High level design of the Distributed Cache
Functional requirements
- insert data into the distributed cache
- retrieve data from the distributed cache
NFR
- Fast retrieval of data - insert and retrieve should be fast
- scalability - distributed cache must be scalable horizontally without bottlenecks
- availability - ensure that there is sufficient redundancy to keep the system highly available.
- Consistency - The same data retrieved from the cache concurrently should be the same.
- Affordability - shouldn’t cost the planet
API
- put (key, value)
- get (key)
Design considerations
Storage hardware
Make use of commodity hardware where possible to keep costs relatively low. Large data will demand more shards, hence keeping commodity hardware will enable us to scale efficiently.
Also when it comes to storing data, we could make use of persistent storage on the commodity hardware for less frequently used data. However, this depends on the cost of fetching data from there and the performance expected from the cache.
Data structure
Hashtables for storing and retrieving data. Doubly linked list for eviction.
Cache client
Where does it live?
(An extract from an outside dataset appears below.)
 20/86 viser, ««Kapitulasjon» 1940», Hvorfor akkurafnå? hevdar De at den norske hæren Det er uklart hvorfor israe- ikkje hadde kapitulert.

Is this within the serving host? or is this a separate dedicated cache client?
Writing policy
based on application needs choose one - write through, or back or around.
Eviction
LRU and invalidation.
High Level Design
Client appliation -> a load balancer => forks into the different application service hosts, where each application server has a cache client => forks into the various cache servers -> which all then lead to the persistent storage.
The cache clients should have a consistent view of all the cache servers. They should all agree on the writing policy and eviction policy.
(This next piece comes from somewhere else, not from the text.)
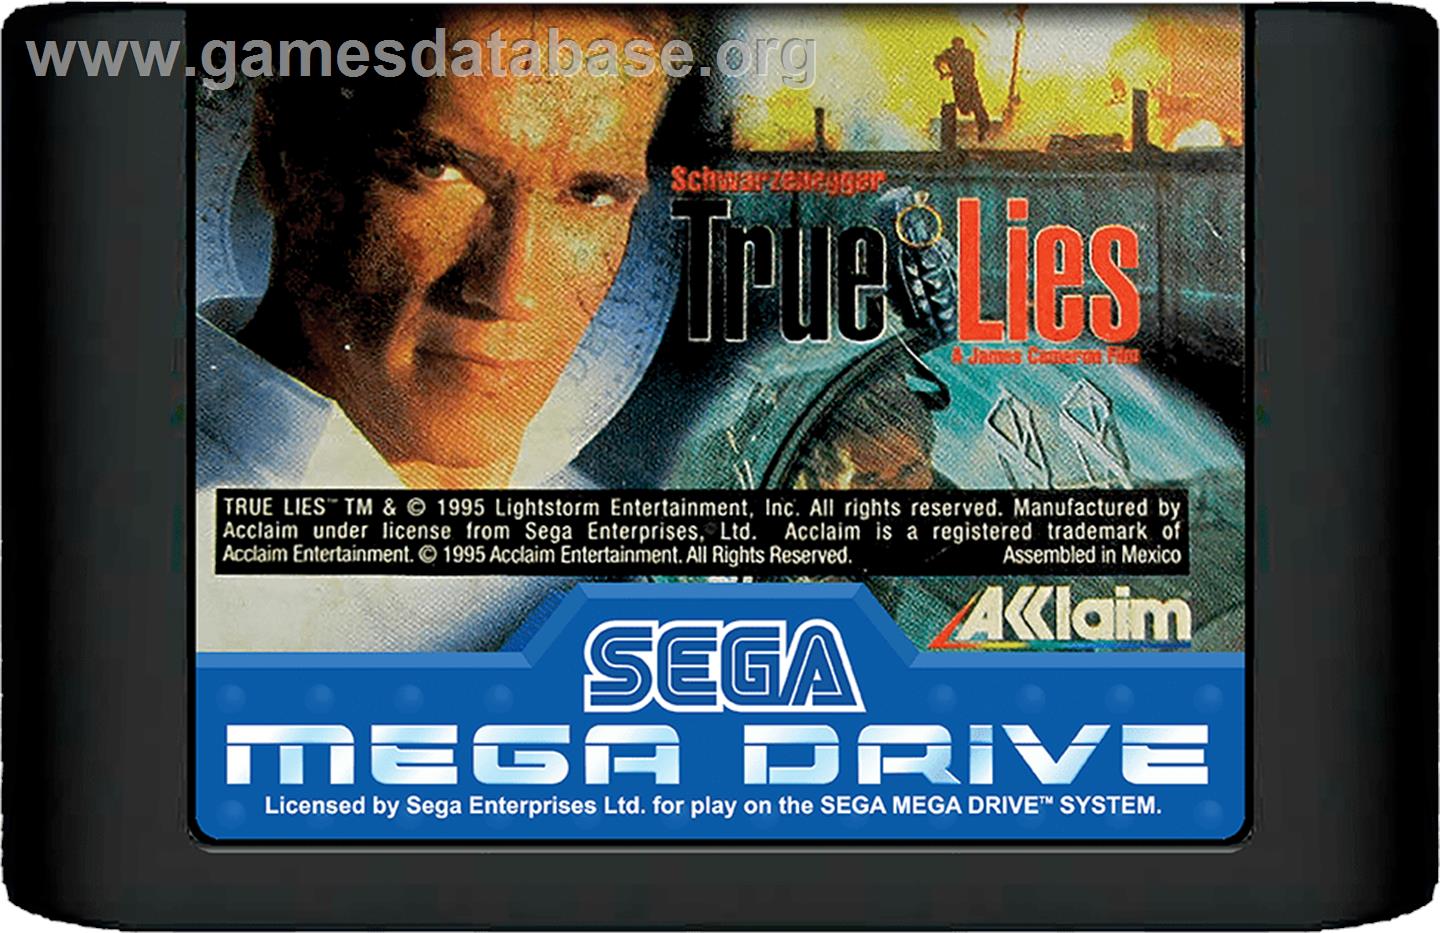 True Lies - Sega Genesis - Artwork - Cartridge

Cache clients use UDP or TCP to transfer data. Any cache server goes down and then the client treats it like a cache miss.
Addressing limitations
- cache clients are agnostic to cache server failures or additions
- each server has a particular set of data - so still single point of failure.
- what data-structure to be used inside the cache.
First problem - cache server list
many ways to solve this.
- Put a configuration file in every application server that is updated regularly through some CI or tools when a cache server is evicted or added to the cluster
- put the same configuration in a central location
- create an cache server configuration service - it observes the cache cluster health and has an updated view of the nodes available.
Availability and resilience
Sharding and replication. Add a primary and 2 backups like we saw in the key value store. Write to replicas based on server proximity - async or sync.
Internals of the cache server
Looking a shard of the cache cluster - which comprises a primary and a couple of secondary nodes.
Retrieval is done based using a key that’s a pointer in a hash table to the value in a doubly linked list that is backing the hashtable.
There is no need for delete API - as eviction is pretty much deletion.
Detailed design
Client applications -> load balancer => that forks into several application servers that has a cache client each => talks to a cache configuration service that keeps the cache clients aware of the hosts in the cache cluster => cache shards store data in the RAM of the cache servers
All of this is monitored.
Considerations
How to deal with hot data despite attempting to distribute data evenly through sharding?
Consistent sharding with virtual nodes could help. there are many other methods too:
- load aware sharding
- improved hash functions
- dynamic load balancing are just some alternatives